On the linguistic front, she concurs with Gedgaudas according to which the etymology of Goth is from the Baltic verb gaudo, "to catch" or "to trap", which could refer to a man who captures a cow/bull or, equally, a slave, so either a rancher or a warrior and further proposes that the German Gott is the same word, owing to the Goths deifying some of their kings after they died; the Crónica relates, "so good was this Thanauso, king of the Goths, that after his death they counted him among the gods.". She proposes that Scythia means "place of passage" and Scythian means "transient", related to the Baltic aisčiai.
She suggests that millennia-long continuity of a population in northeastern means that the Balts are one and the same as the first Indoeuropeans, and that this region was the source of the various migrations that created the Indoeuropean domain.

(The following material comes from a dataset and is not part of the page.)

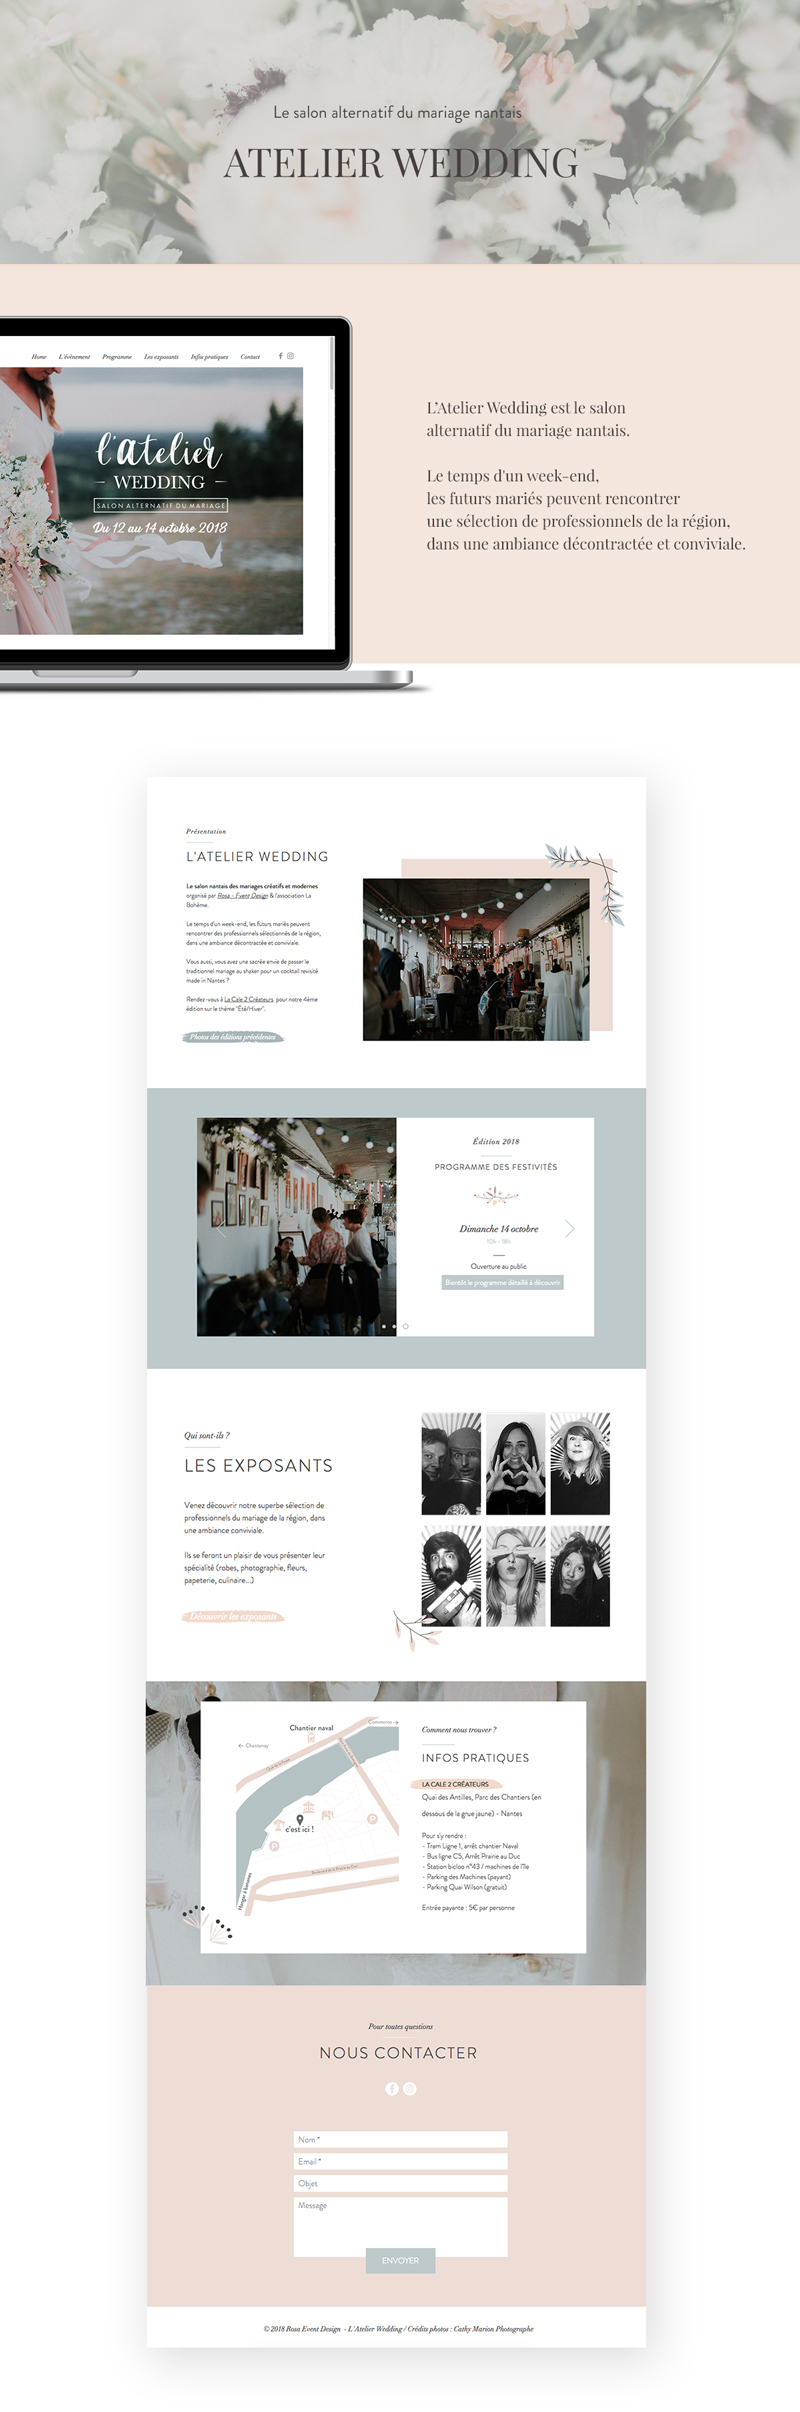 Atelier wedding présentation

On the base of the finding of names like Sembus and Neuri in inscriptions gathered by Julien Sacaze in the French area which belonged to the Visigothic Kingdom, Rosales sustains that among the Visigoths there was a contingent of Sambians, whose origin was the North of Poland, and other of Neuri, who had lived in the area embraced by the upper Volga, Moscow and Kiev, the dialects spoken by them are extinct, although the dzukas dialect, still alive in Lithuania, seems to be the last remain of the old Prussian language spoken by the sambians. She also believes that Baltic languages significantly influenced the phonetics of Latin in the Iberian Peninsula, attributing to it the arising of the palatalization and the characteristic diphthongs of the Spanish, Leonese and Galician-Portuguese and indicates that some Spanish words and surnames are of Baltic origin.
The idea has been heavily criticized by other academics such as Zigmas Zinkevičius as pseudohistory primarily driven by nationalist, not academic concepts. Professors Alvydas Butkus and Stefano M. Lanza make similar criticisms of her methodology, to the point of accusing her of twisting the meaning of sources and using "nonexistent" Lithuanian words.